The author's version is Coq 8.8.0. To complie/check, run make clean; make.
-
Version 2.0 [In progress]
- Add Byzantine adversaries
-
Version 1.1 [DONE]
- Sensible names for lemmas
- Improved proof structure and implementation
- Human-readable high-level proof
-
Version 1.0 [DONE]
- Synchornous network
- No adversaries
- Concensus on a boolean value
- Implmenting BOSCO concensus protocol
- Proving agreement property: all decisions made are the equal
- Not executable
-
Future steps:
- Asynchronous network
- Liveness prorperty
- More complex protocol
- Extract to executables
| File | Description |
|---|---|
| Assumption.v | Assumptions |
| High_def.v | Abstract protocol semantics |
| High_proof.v | Abstract agreement proof |
| Low_def.v | Protocol implmentation, basic properties |
| Low_proof.v | Agreement proof + readable version |
| Quorum.v | Quorum abstraction |
| Refinement.v | Refinement theorem (and all the lemmas) |
| Temporal.v | (A not so successful atempt) to adopt temporal logic |
The core theorem is Refinement in Refinement.v or you can try read the pretty proof Readable_Low_Level_Agreement in Low_proof.v which comes with comments that serves as a pen-and-paper proof.
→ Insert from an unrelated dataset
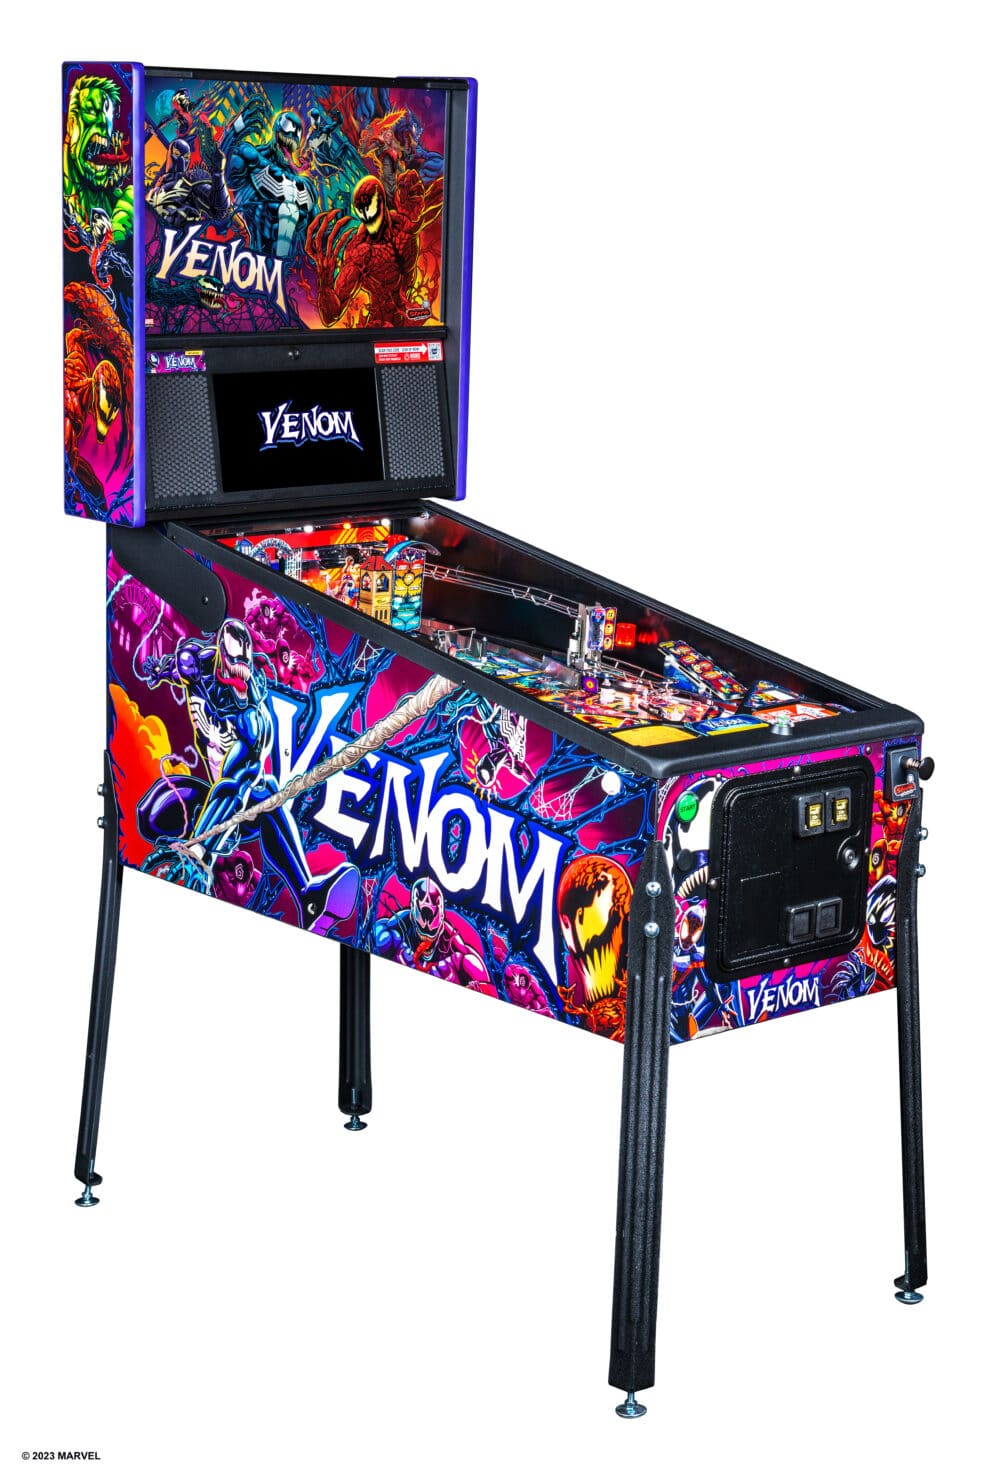 Venom Pro Edition Pinball
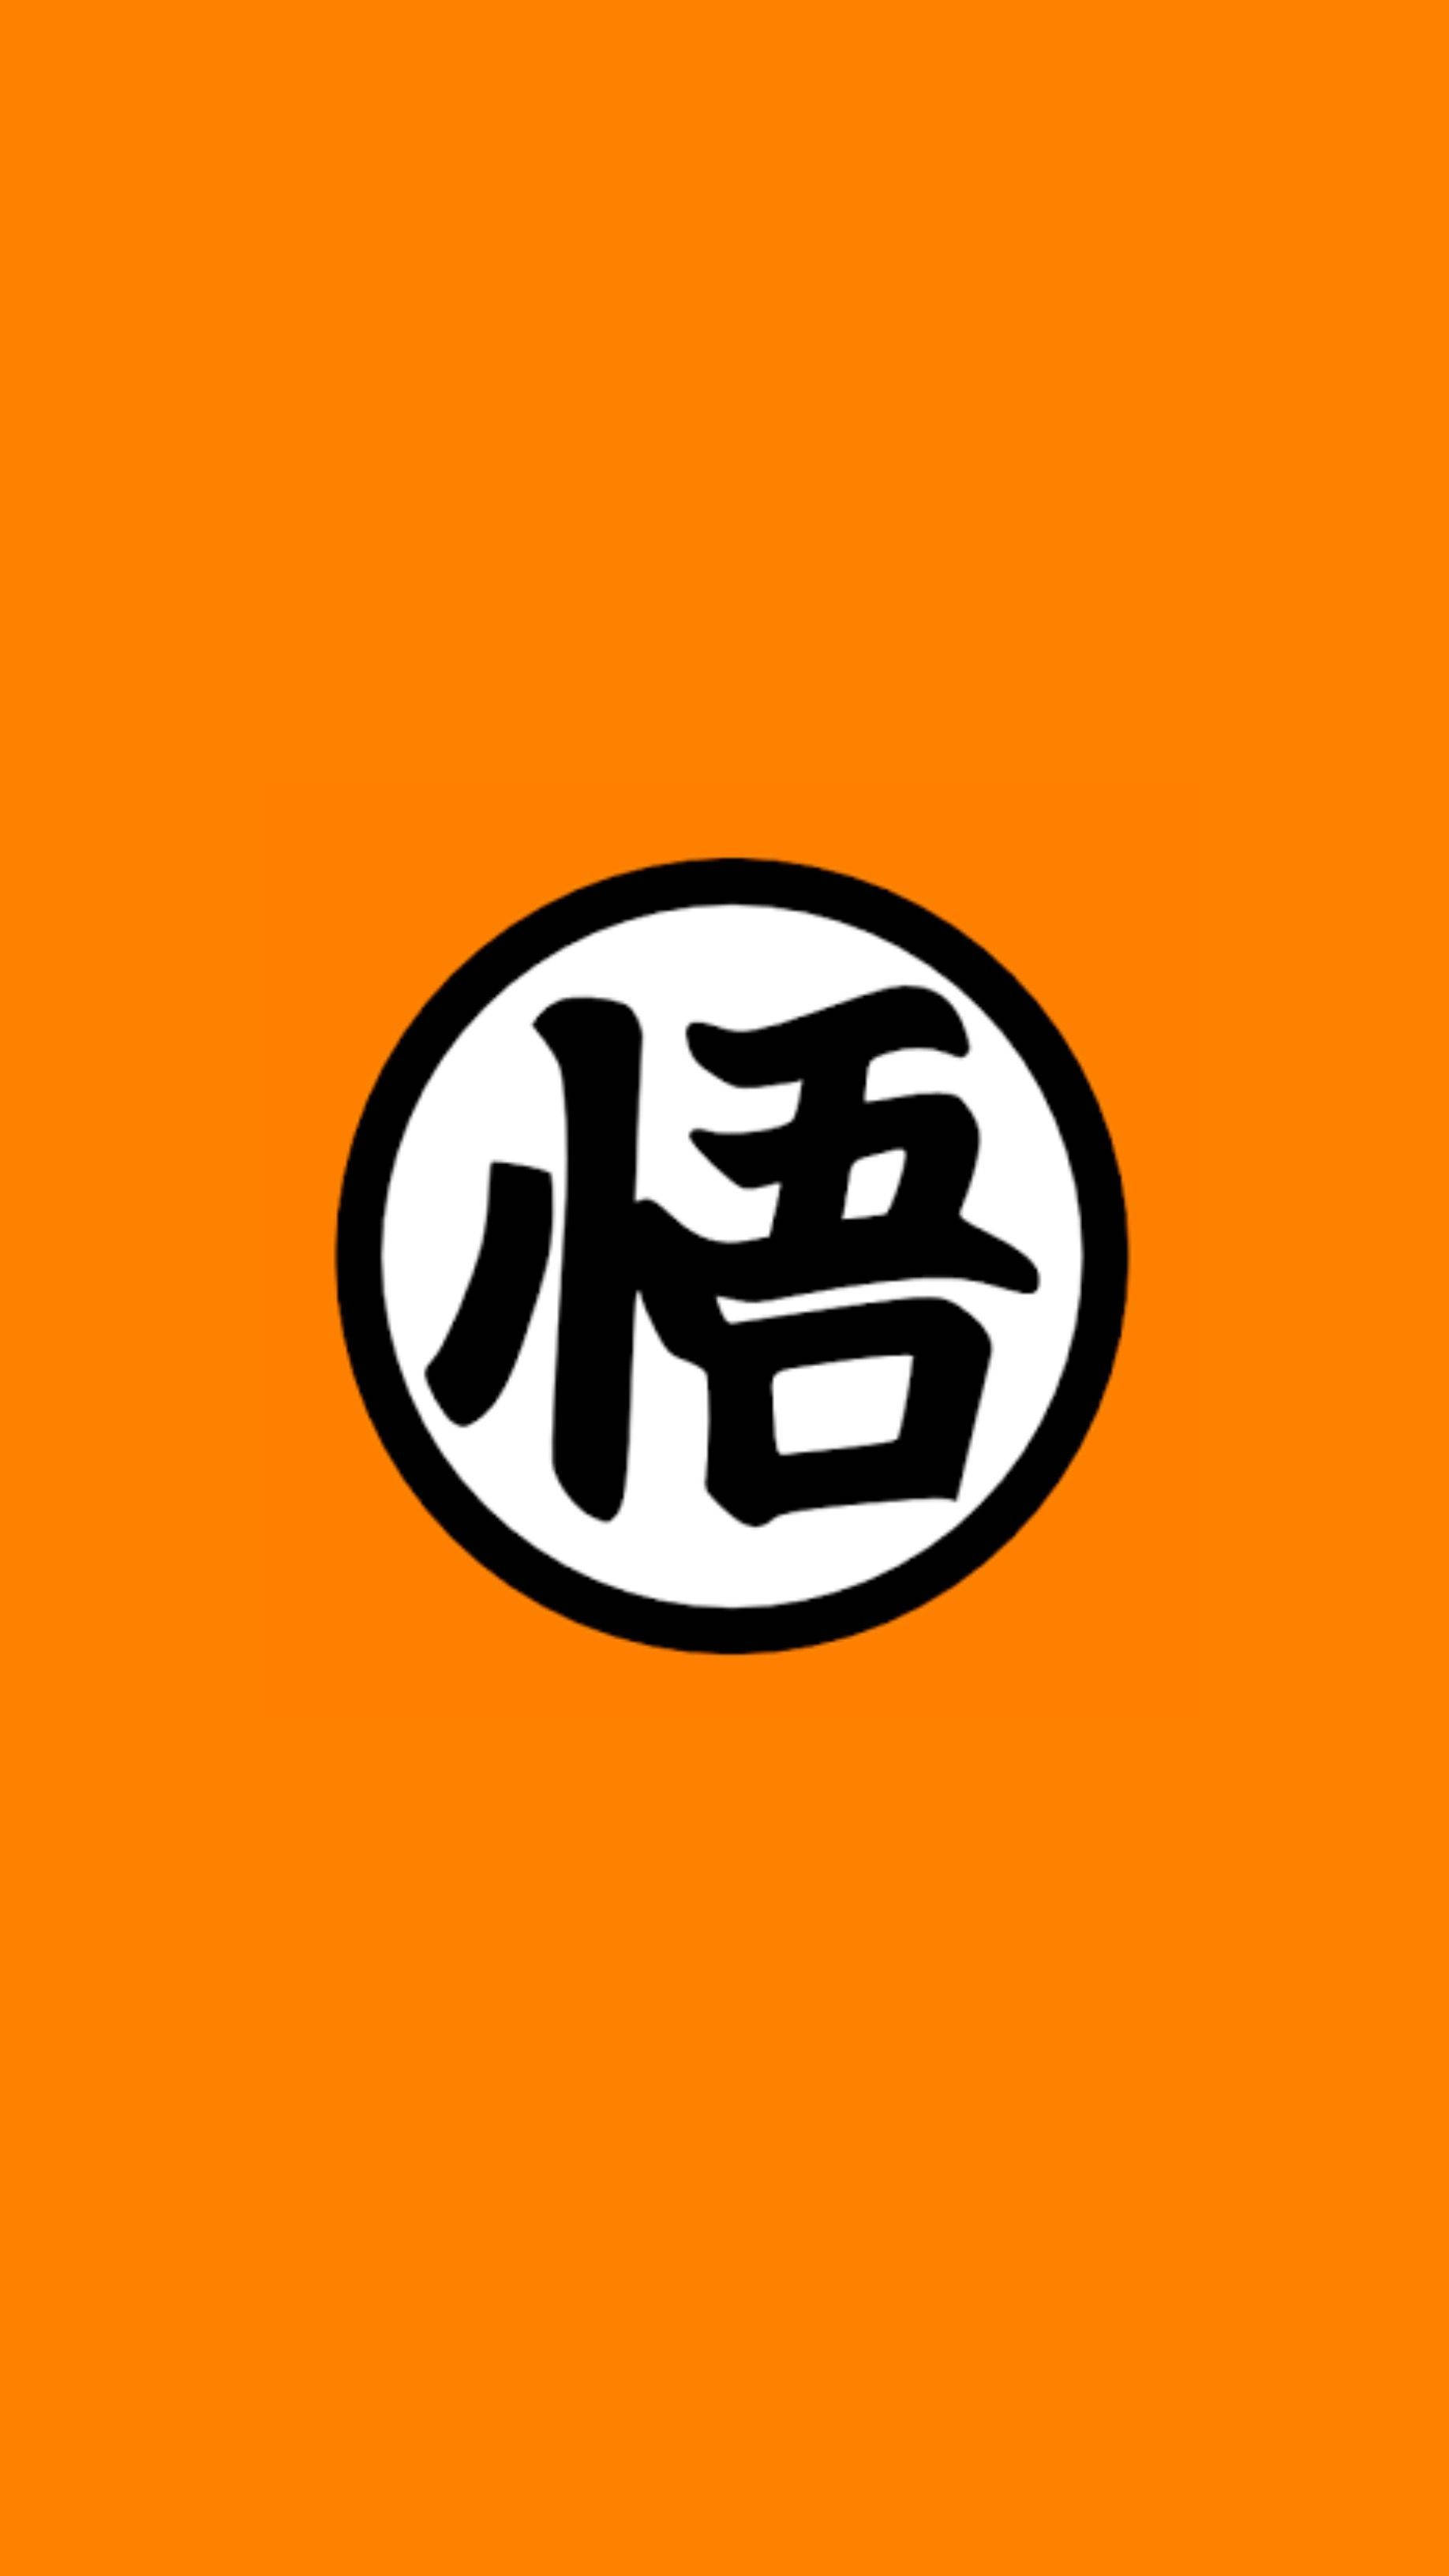 Dbz Logo On Orange Background Wallpaper

The lemmas in Refinement.v are ordered logically and named based on their forms. Different letters refers to properties about different formal concepts. Here's the reference list:
V = Validity
S' = Step
S = Steps
D = Decision
E = Estimate
R = Round
H = History
M = Message
L = deLivery
T = sTate
C = Condition
Q = Quorum
I = Initial
_ = Arrow
c? = exact step ? changed
l? = local ?
g? = global ?
?p = ?'s properties
eq = equality
For example, Lem_VR_E resembles a lemma that assumes validity of the global state and some constrains on the round number and concludes something about estimation.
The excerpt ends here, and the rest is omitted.